Train floret vectors on OSCAR and compare standard vectors vs. floret vectors on UD Finnish TDT and turku-ner-corpus.
The project.yml
defines the data assets required by the
project, as well as the available commands and workflows. For details, see the
spaCy projects documentation.
The following commands are defined by the project. They
can be executed using spacy project run [name]
.
Commands are only re-run if their inputs have changed.
Command | Description |
---|---|
tokenize-oscar |
Download, tokenize, and sentencize data |
train-fasttext-standard-vectors |
Train standard fasttext vectors |
train-floret-vectors |
Train floret vectors |
init-standard-unpruned-vectors |
Create a standard unpruned vectors model |
init-standard-vectors |
Create a standard vectors model |
init-floret-vectors |
Create a floret vectors model |
convert |
Convert the data to spaCy's format |
train-no-vectors |
Train the model without vectors |
train-standard-unpruned |
Train the model with standard, unpruned vectors |
train-standard |
Train the model with standard, pruned vectors |
train-floret |
Train the model with floret vectors |
evaluate |
Evaluate the models and export metrics |
convert-ner |
Convert the data to spaCy's format |
train-no-vectors-ner |
Train the model without vectors |
train-standard-unpruned-ner |
Train the model with standard, unpruned vectors |
train-standard-ner |
Train the model with standard, pruned vectors |
train-floret-ner |
Train the model with floret vectors |
evaluate-ner |
Evaluate the models and export metrics |
The following workflows are defined by the project. They
can be executed using spacy project run [name]

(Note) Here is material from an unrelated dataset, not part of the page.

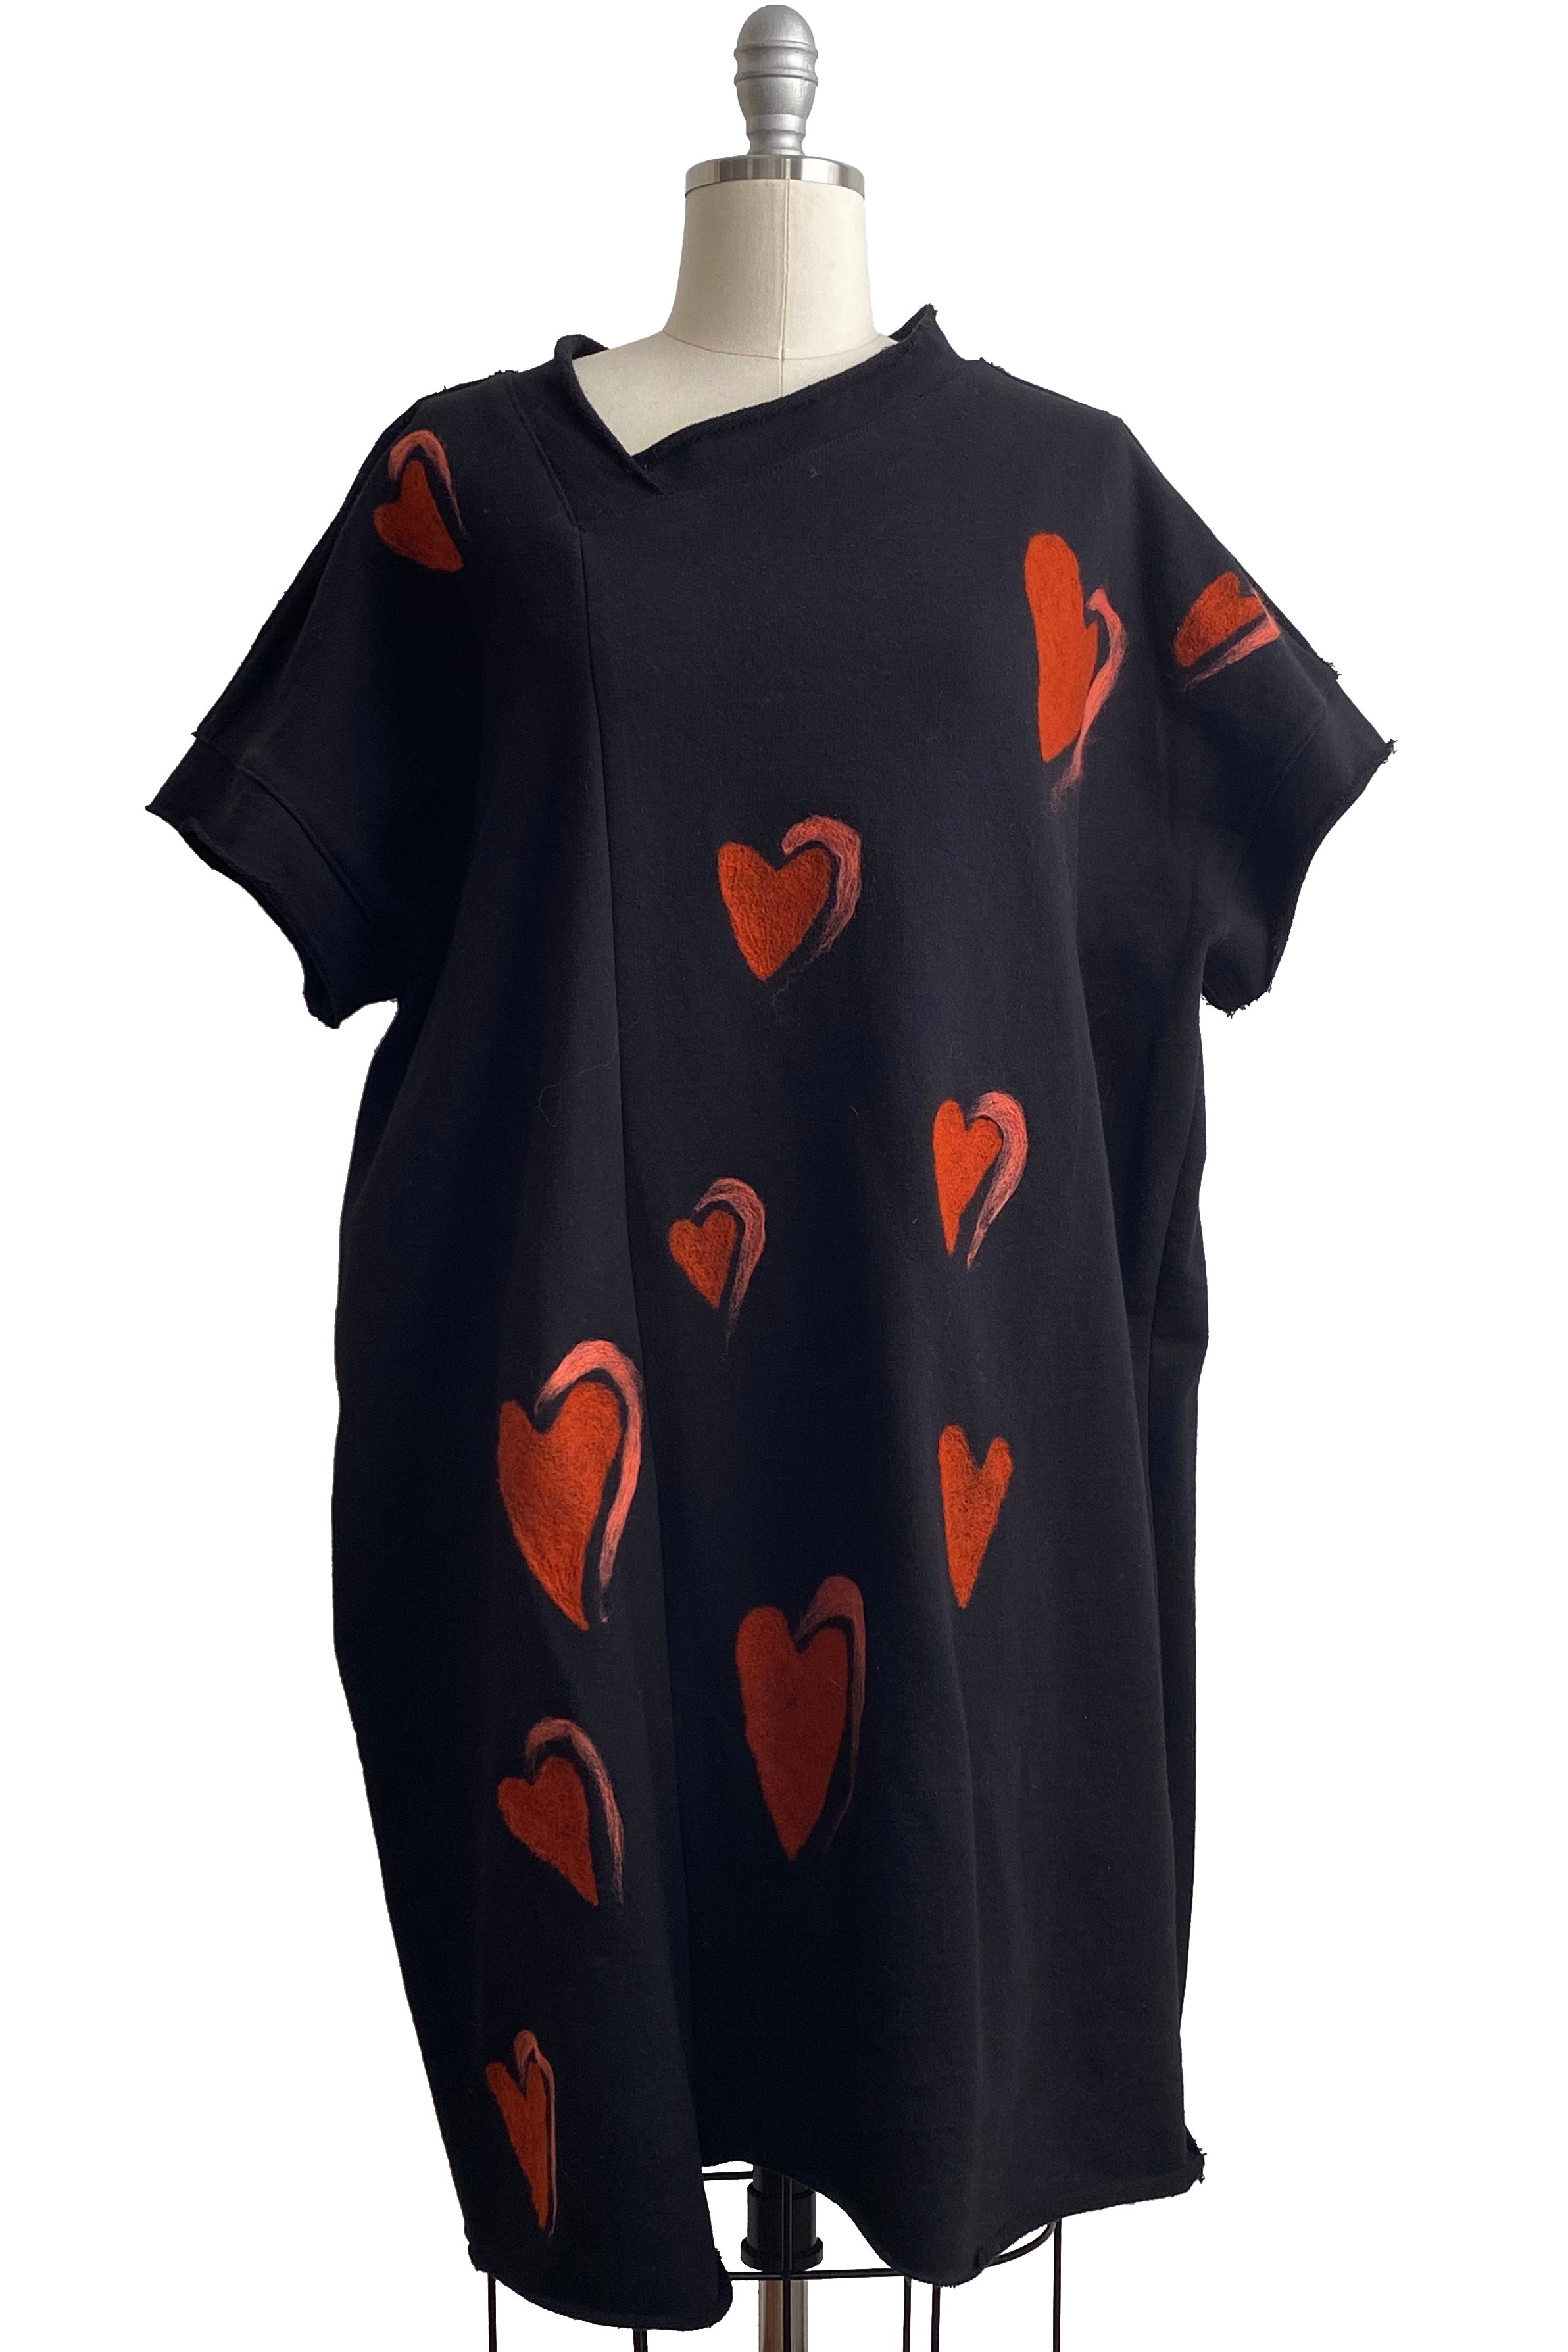 Petra Tunic Knit w/ Felted Hearts - Black, Pink, & Red - Medium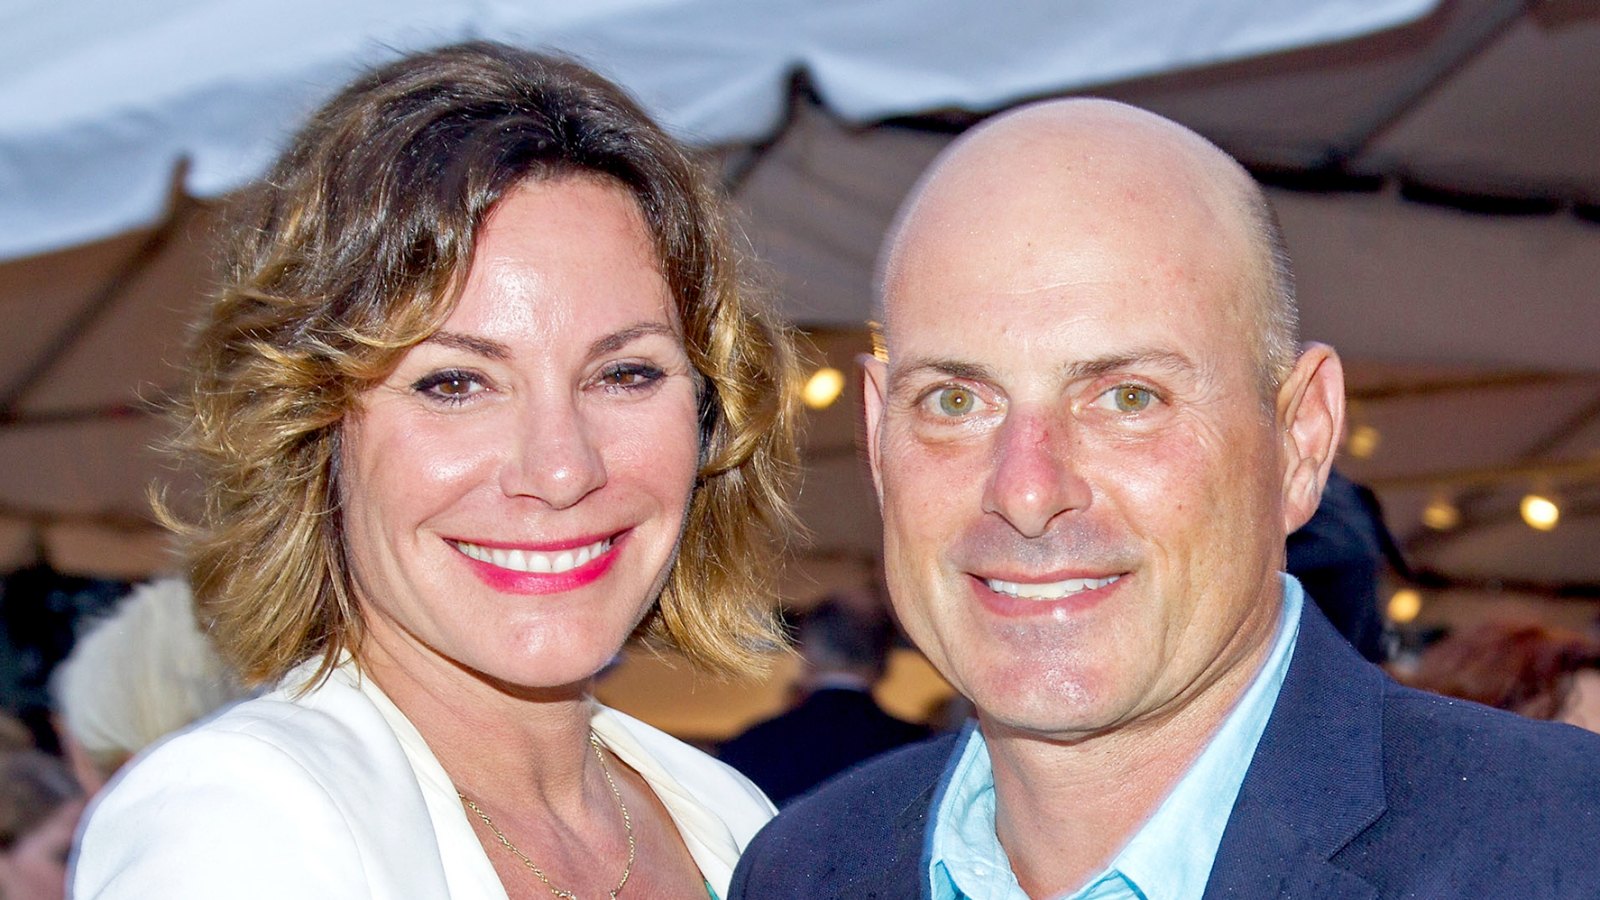 Luann de Lesseps and Tom D'Agostino Jr. attend the 23rd Annual Watermill Summer Benefit at The Watermill Center on July 30, 2016 in Water Mill, New York.

and will run the specified commands in order. Commands are only re-run if their
inputs have changed.
Workflow | Steps |
---|---|
all |
tokenize-oscar → train-fasttext-standard-vectors → train-floret-vectors → init-standard-unpruned-vectors → init-standard-vectors → init-floret-vectors → convert → train-no-vectors → train-standard-unpruned → train-standard → train-floret → evaluate → convert-ner → train-no-vectors-ner → train-standard-unpruned-ner → train-standard-ner → train-floret-ner → evaluate-ner |
The following assets are defined by the project. They can
be fetched by running spacy project assets
in the project directory.
File | Source | Description |
---|---|---|
assets/UD_Finnish-TDT |
Git | |
assets/turku-ner-corpus |
Git |